2. Intensity of welfare impact             

Diabetes mellitus is often a lifelong condition, and the dog’s quality of life may suffer over a long duration. Dogs with diabetes may suffer from excessive thirst and urination, weight loss, increase in appetite and lethargy. Over time, if the levels of insulin and glucose are not well-balanced, dogs may develop cataracts which affect vision. Owners of dogs with diabetes mellitus are most concerned about the condition itself, loss of vision, episodes of low blood sugar (termed hypoglycaemic episodes) causing lethargy, and long-term future care (Niessen et al 2012). Dogs that are over-weight are more prone to developing diabetes and bitches may be more susceptible to the condition than males. 

If dogs develop diabetic ketoacidosis, the symptoms are more severe and include dehydration, nausea and vomiting, and this can be life-threatening without emergency treatment. Progression to a more complicated diabetic condition is often associated with other diseases that can be painful for the animal (Davison et al 2005; Hume et al 2006; Mattin et al 2014), with the most common being inflammation of the pancreas (pancreatitis), urinary tract infection and hyperadrenocorticism (called ‘Cushings’ in humans). Hyperadrenocorticism involves excess production of the hormone cortisol (important for metabolism and regulation of body processes). This causes symptoms such as abdominal distension, loss of muscle mass and strength, lethargy, loss of fur, and thinning and calcification of the skin.

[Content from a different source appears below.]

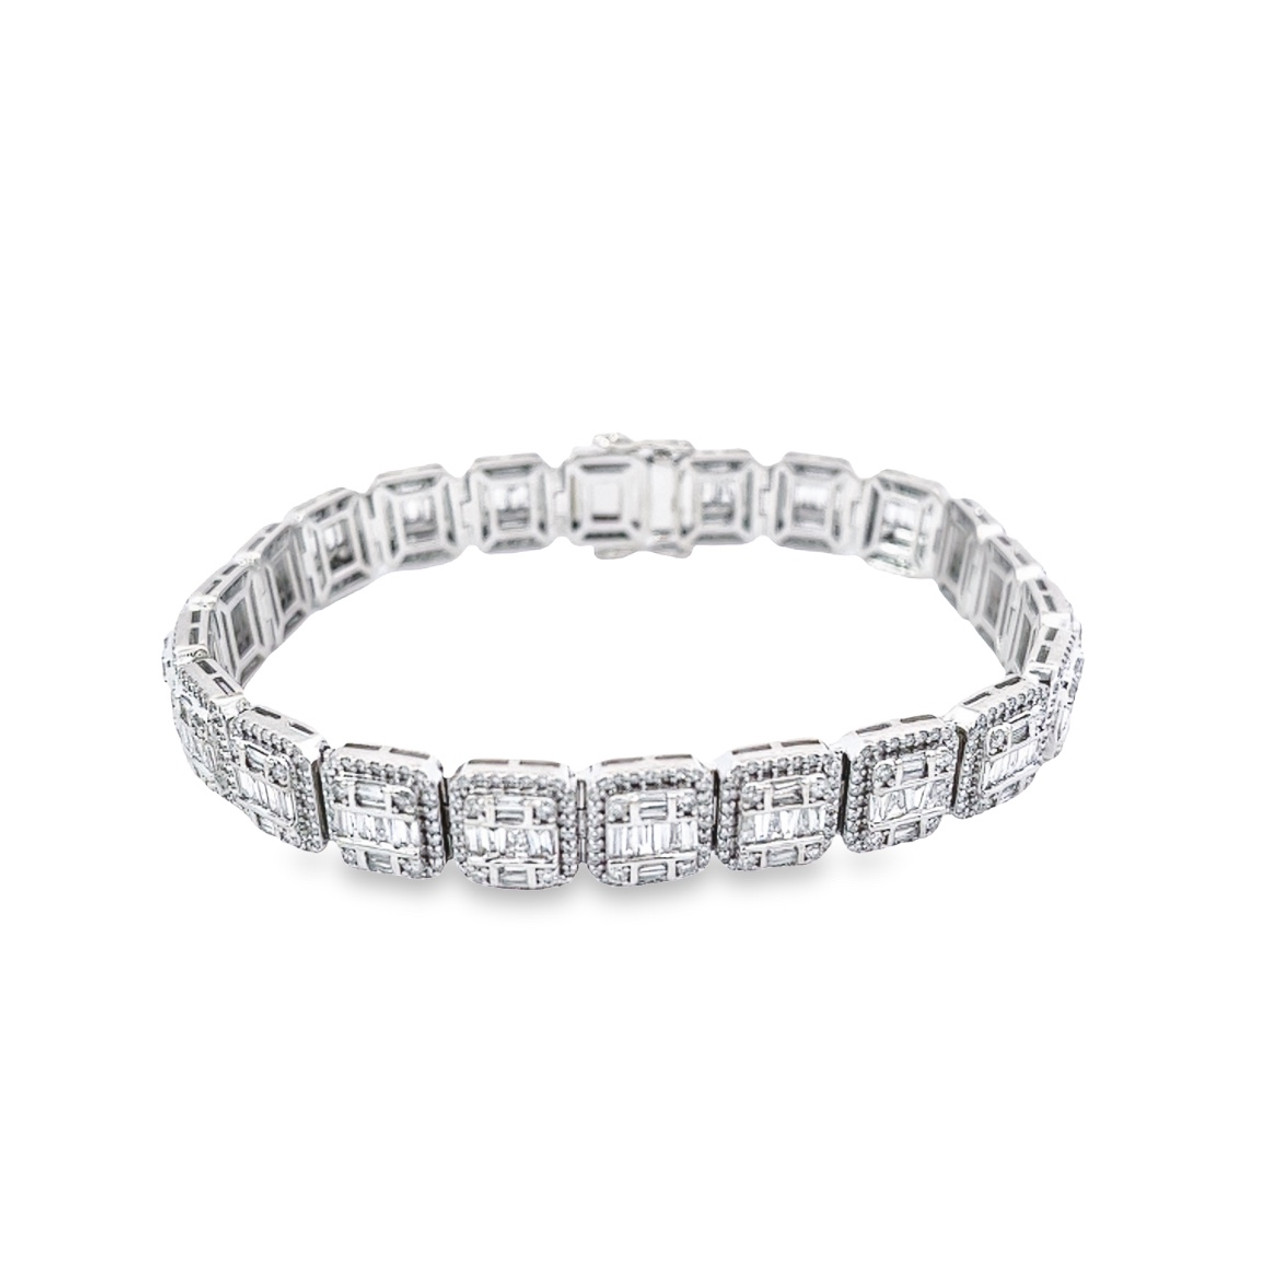 Buy Baguette diamond bracelet from Pasha Fine Jewelry
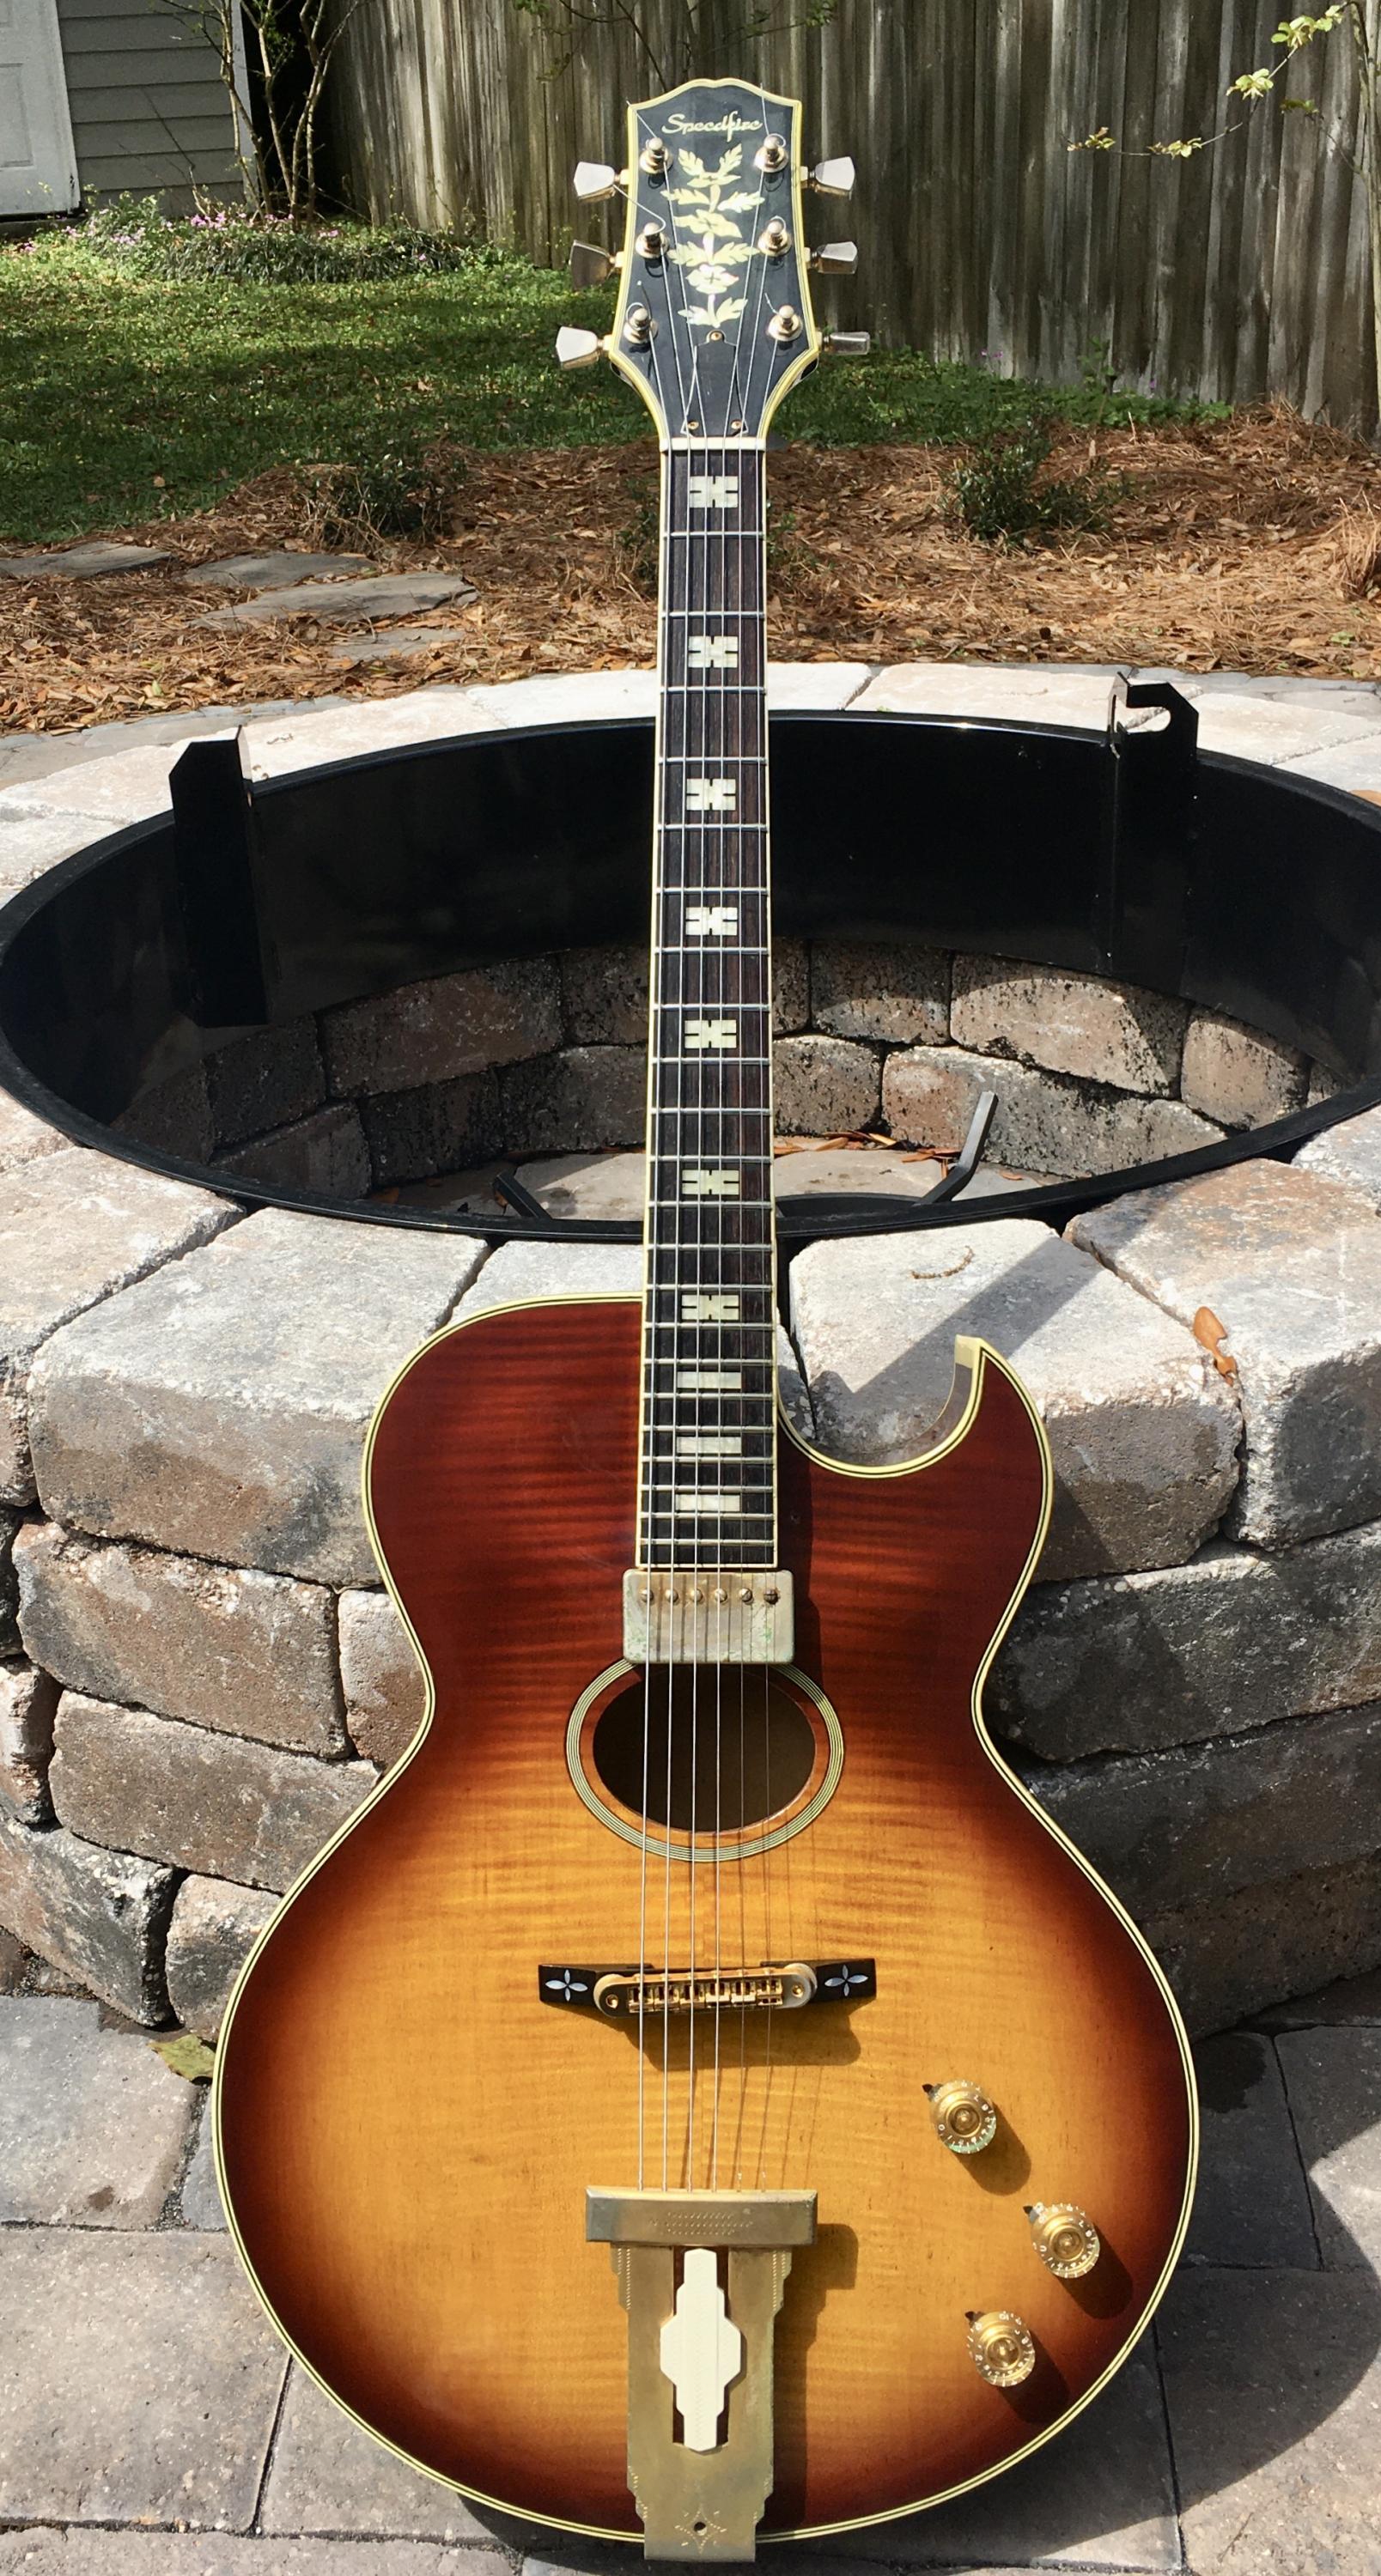 Japanese MANN Howard Roberts guitar (Ibanez 2453 ?)-26117a96-b863-4199-8b10-df4ecf9c65ff-jpg

3. Duration of welfare impact

The onset of diabetes mellitus occurs generally in middle-aged and older dogs, typically between 5-12 years of age (Catchpole et al 2005; Marmor et al 1982). In one study of 439 diabetic dogs, the average (median) age of onset was 9.9 years and the average (median) survival time after diagnosis was 17.3 months (Mattin et al 2014). Using Swedish insurance records, it has been estimated that 1 in 100 dogs reaching 12 years of age will develop diabetes mellitus (Fall et al 2007). Diabetic dogs often require insulin treatment throughout their entire life (Fleeman and Rand 2001) and diabetes can be managed through dietary control, by regular provision of food portions and using specially formulated high-fibre foods, by oral hypoglycaemic drugs and/or by regular (daily or twice daily) injections of insulin.

4. Number of animals affected

The estimated prevalence of diabetes mellitus in the overall UK dog population was 34 cases per 10,000 dogs (0.34%) based on clinical data from veterinary practices (Mattin et al 2014). In Sweden, the overall incidence of diabetes mellitus was 13 new cases per 10,000 dog years at risk (Fall et al 2007). In the United States of America and Canada, the number of cases of diabetes mellitus in dogs presented to veterinary teaching hospitals increased from 19 cases per 10,000 admissions in 1970 to 64 cases per 10,000 in 1999 (Guptill et al 2003).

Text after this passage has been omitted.